Cops learn survival skills, on the job and at home

OCEAN SPRINGS, MS (WLOX) - A life spent protecting and serving is tough and can take a toll. Suicide and divorce rates for police officers are higher than in the general population. A two day seminar at the Ocean Springs Civic Center is trying to change that.

More than 100 officers from 20 agencies spanning four states came to learn coping and survival skills, both on and off the job.

"It's like a roller coaster ride. It's ups and downs constantly throughout the day," explained Andrew Robinson, who serves as a U.S. park ranger. "When you come home, it's really hard to come down from the emotional highs and lows that you get in your job. A lot of time we deal with really sad and unfortunate situations."

Those situations sometimes follow officers home.  Karl Miller is with the D'Iberville Police Department.

"You don't want to bring work problems home to family members. They have enough stress as it is too with your job," Miller said.

There's an even more ominous threat for officers like U.S. Marshal Ray Stewart.

"It's the stress of the unknown. When you go to somebody's house, you don't know what they have in their house, what kind of weapons they have, what their mindset is, if they're having a really bad day," Stewart said.

The theme of the seminar is "The Winning Mind."

"We want them to win, and we want them to just not win in confrontations. We want them to win in the courtroom, we want them to win at the station, we want them to win at home," said police trainer Betsy Smith.

There's no doubt the men and women of law enforcement face challenges every day that most of us do not; the stresses they face are unbelievable at times.
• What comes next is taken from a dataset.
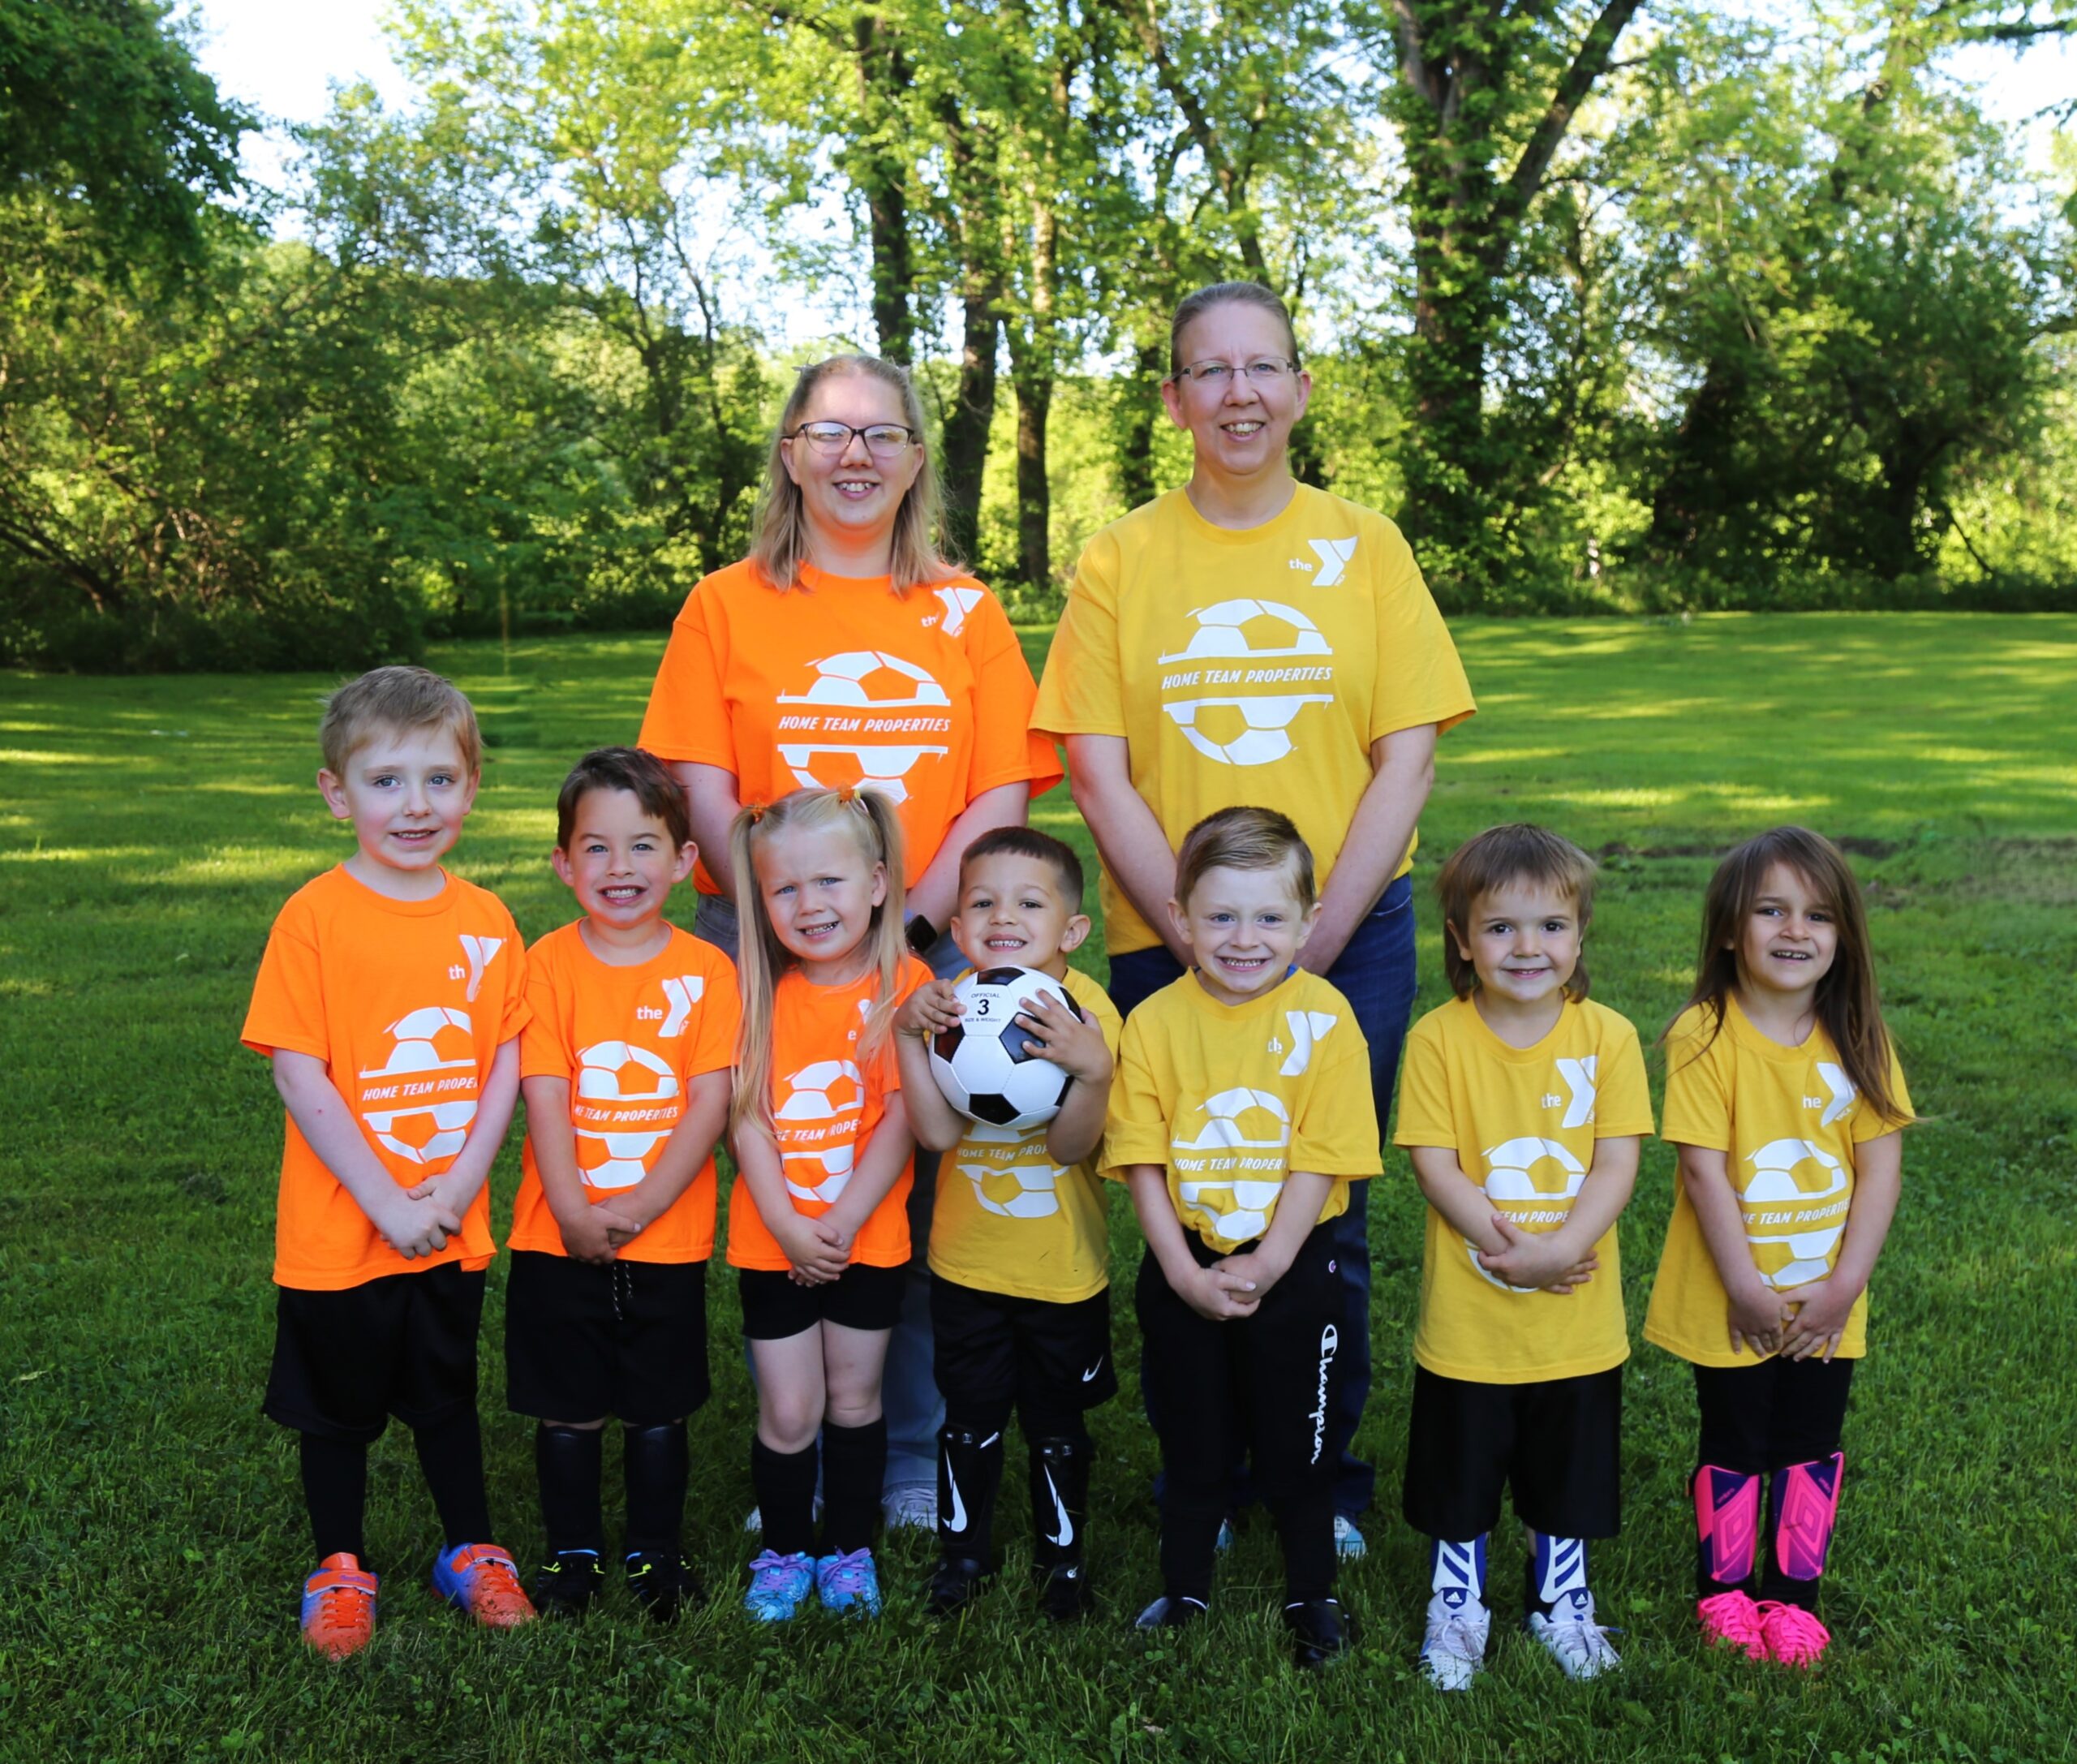 Home Team Properties Youth Soccer Team

But if there was one word to come out of today's conference, it was this: Balance.

Dave Smith is another trainer.

"You've got things in your life that you do. And what I don't want those to become are your 'Used Tos.' I used to hunt, I used to fish, I used to go camping with my family because that leads to I used to be happy. I used to have a life," Smith implored.

It's a life that despite its stress, can still be fulfilling.

The two day seminar wrapped up Wednesday afternoon.  It was paid for with a grant from the Albright-Wirth program and organized by the National Park Foundation. The Ocean Springs Chamber of Commerce was also involved by providing food and drinks for the officers.